The Basis of Generative AI


In a rapidly changing world, encounters with AI are unavoidable. I am here to overview the basis of AI. AI in itself has existed for ages through machine learning, this is what fuels the recommendations given on Pinterest and one’s feed on TikTok. Generative AI is the new breakthrough in AI: it gives computers the power to come up with new and original ideas, instead of robotically executing what it was coded to do.

Large Language Models is what ChatGPT started out as, generative AI used as a typical chatbot. The GPT stands for “Generative Pre-trained Transformer”. Simply put, the input is translated into numbers so it can be processed by the various parameters of the neural network(the brain of the program). Then the brain finds patterns, for example, to fill in the next word in the sentence. When its given more prompts it continues adding onto the sentence and generates the stories its able to do today.

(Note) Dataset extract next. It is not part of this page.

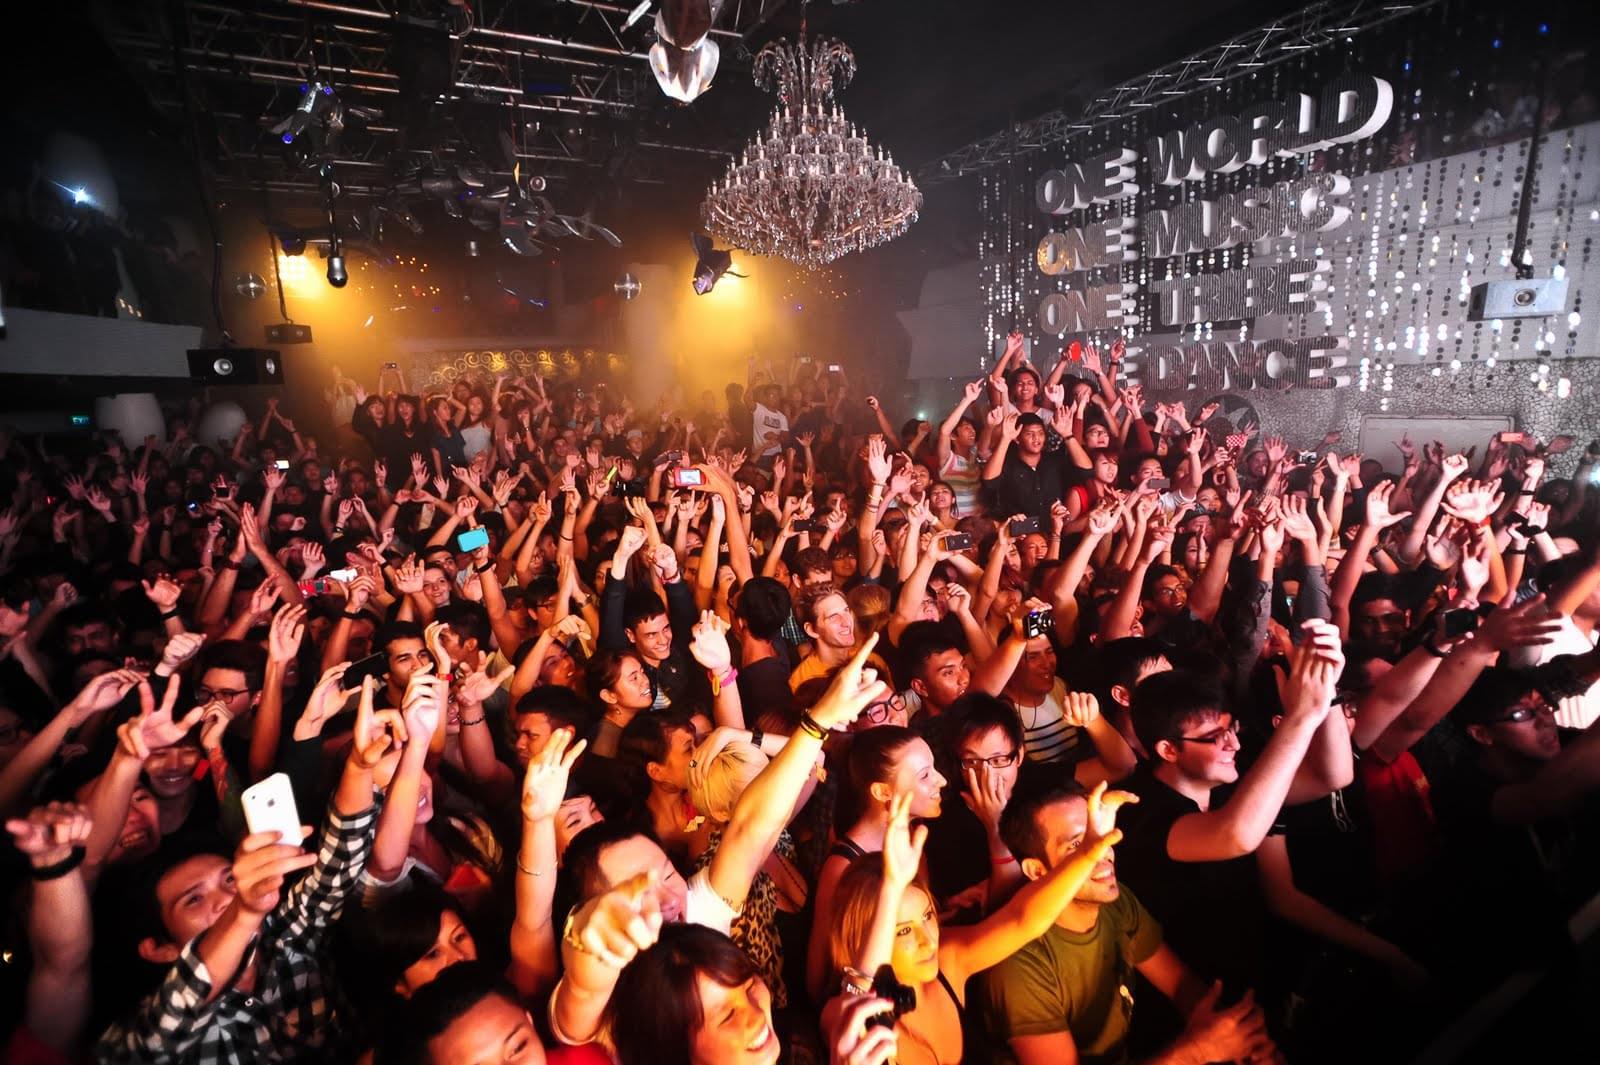 シンガポールのナイトライフを楽しむ!ナイトクラブで夜遊びしよう

There are three major models that this article focuses on:

  • Machine Learning
  • Deep Learning
  • Generative Models

Machine Learning learns through a given set of data, like a search engine which learns through both supervised and unsupervised learning. When asked a question it responds with the given data set of links and sites in its database, and then based on what people chose to click on will push some results to the top: learning as it goes. Deep Learning is known for processing large quantities of data that continuously learn through neural networks. Deep learning is often grouped alongside Machine Learning. This article is going to be focused on Generative AI Models.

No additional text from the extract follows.